The reports issued Monday show that PG&E identified nearly 140 different concerns with the meters, including four affecting customer billing: incorrect installations, failures in the meters’ wireless communications and data storage, and meter inaccuracy.

Jeff Smith, a PG&E spokesman in Fresno, said the utility found problems with about 43,000 meters across its entire service area. He said PG&E didn’t have a breakdown of how many meter issues were reported in the central San Joaquin Valley.

Installation errors accounted for about 23,000 meter problems, Smith said, as technicians either set the dials too high or too low. “In most of those cases, the customers either received a bill that was 50% too high or 50% too low,” Smith said.

Another 11,376 meters did not correctly store a customer’s usage information, while 9,000 more had problems with their wireless connection — similar to a “dropped call” on a cellular telephone, Smith said.

Only eight meters were identified as providing faulty measurements of power use and transmitting incorrect data for billing, Smith said.

Mindy Spatt, a spokeswoman for The Utility Reform Network, a ratepayer advocacy group, is skeptical of the error rates reported by PG&E.

“These are an adjustment from the original number PG&E was using, which was zero,” Spatt said. “We have no reason to believe this isn’t just the tip of the iceberg.”

Florez and TURN are both pushing for a moratorium on the installation of any more meters by PG&E until the state audit is finished.

PG&E says it plans to continue installing new meters.

The continuing scrutiny of the SmartMeters comes at a politically touchy time for PG&E, which is spending millions of dollars backing Proposition 16 on the June primary ballot.
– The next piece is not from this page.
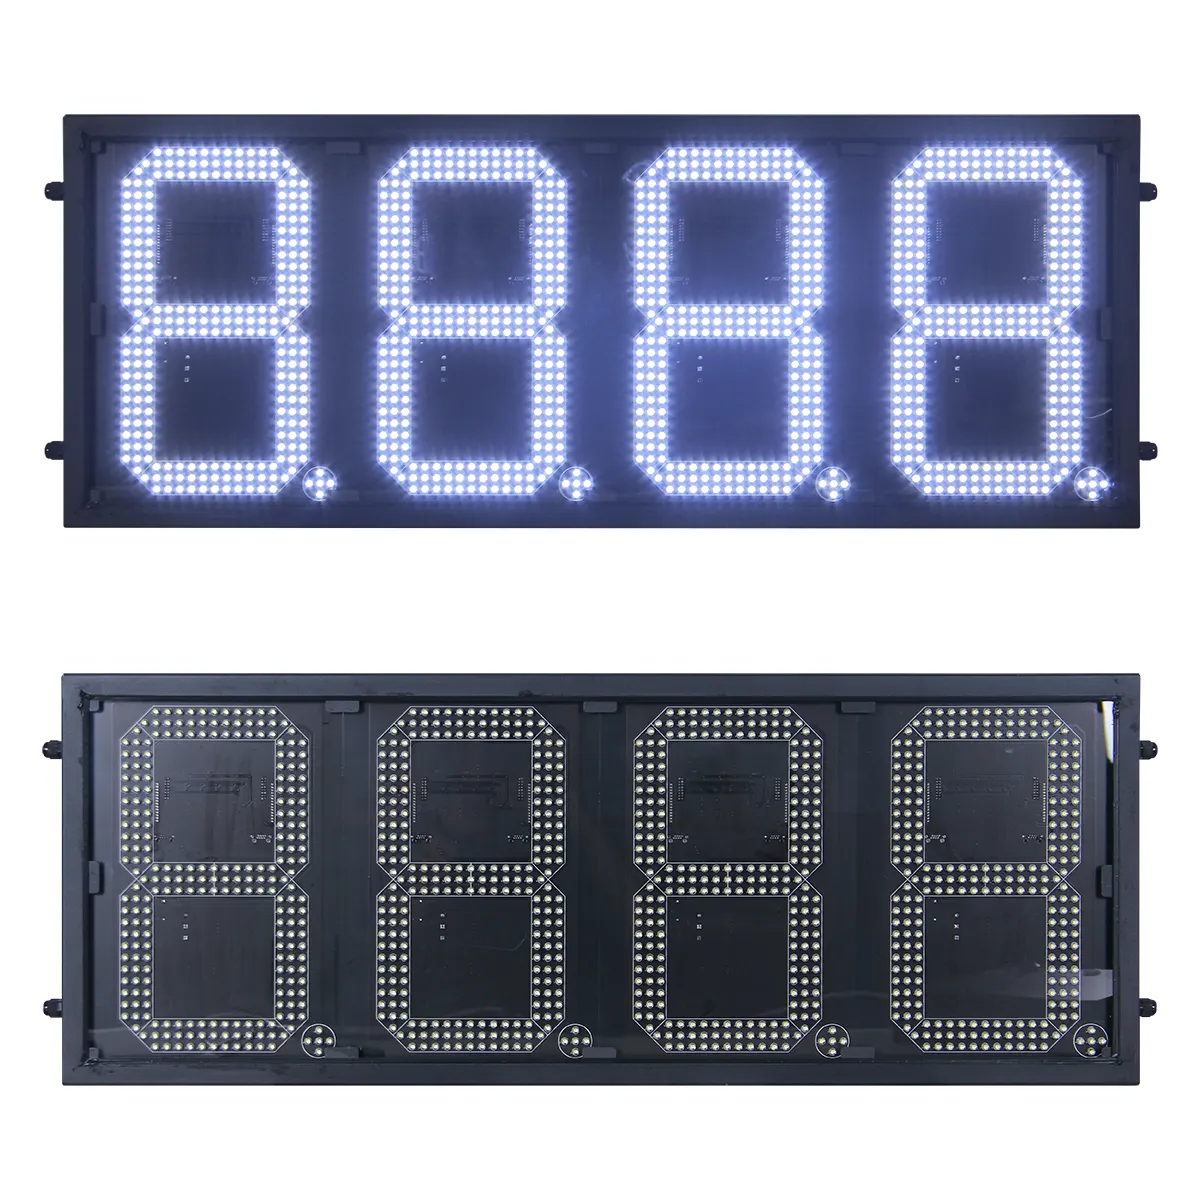 Segnali di prezzo del Gas da 10 pollici 8888LED 7 segmenti IP65 uso esterno LED prezzo della stazione di servizio segni digitali

The measure would amend the state Constitution to require voters to approve, by a two-thirds majority, any effort by cities or local governments to form their own utility districts.
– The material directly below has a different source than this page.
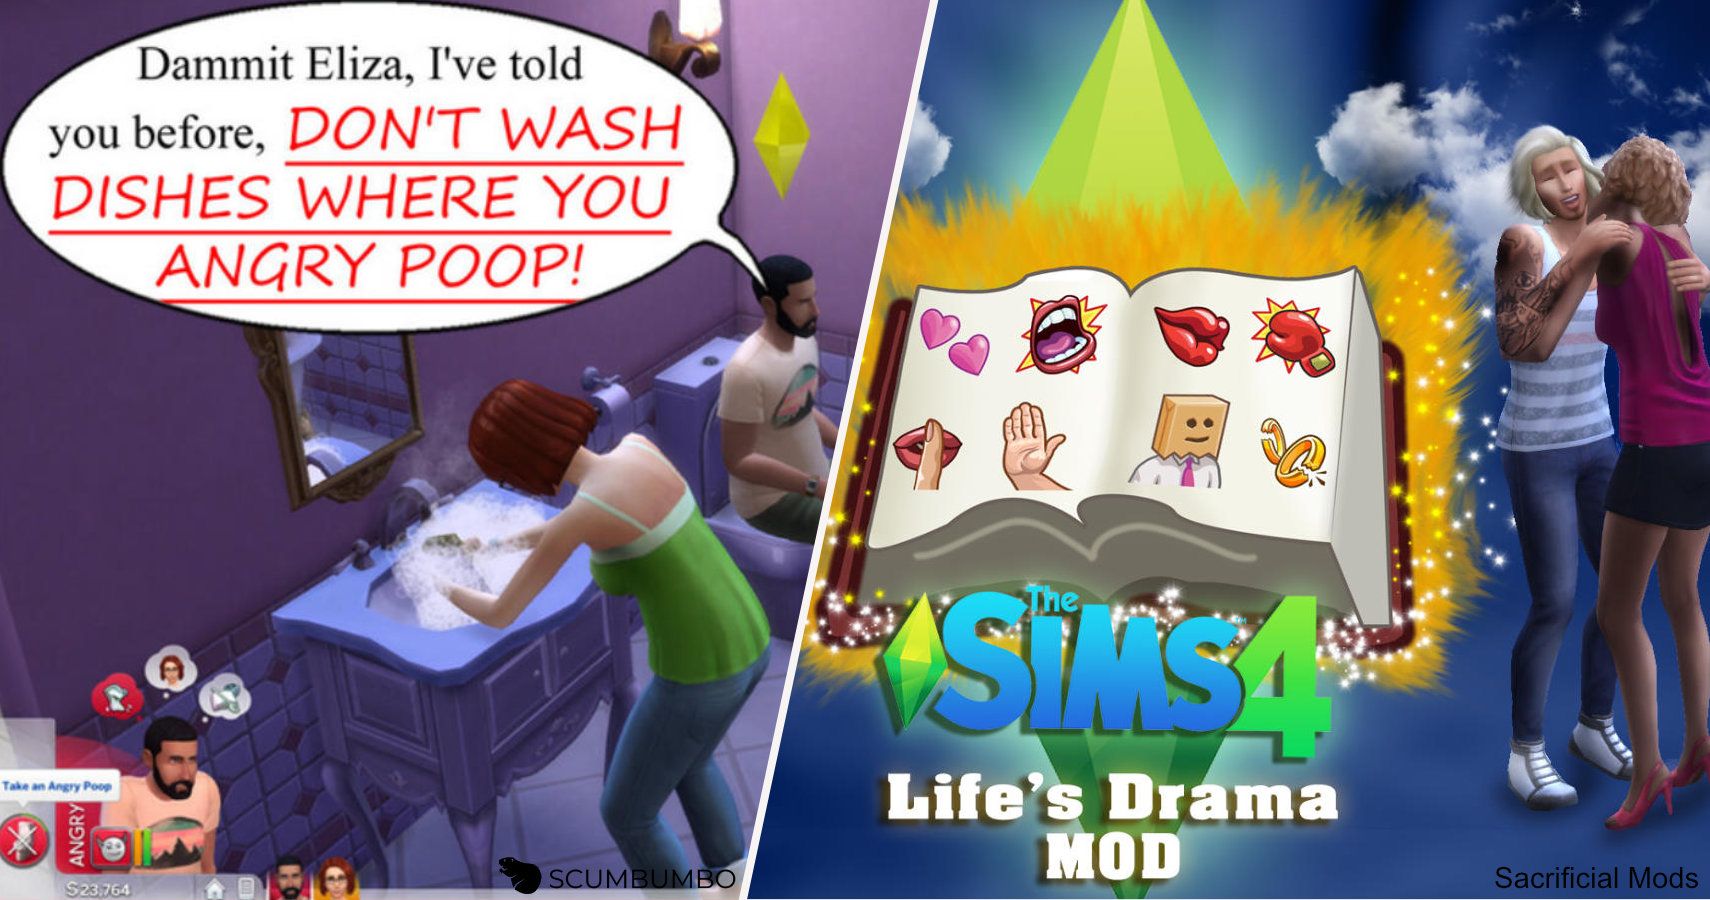 slice of life mod sims 4 safe download reddit

Critics say the measure would solidify PG&E’s monopoly against municipal utilities that often provide electricity at lower rates.

“The issue is about PG&E’s priorities,” Florez said. “They’re sinking $30 million into stopping people from creating competition, but for that kind of money they could have given people an in-home display allowing consumers to read and monitor their electricity use.”

TURN’s Spatt said PG&E “is trying to lock customers in with Prop. 16 while giving substandard service at high rates.”

“Most companies, if they wanted to keep customers, would give good service at reasonable, reliable rates,” she said. “I think voters are understandably mistrustful of this company.”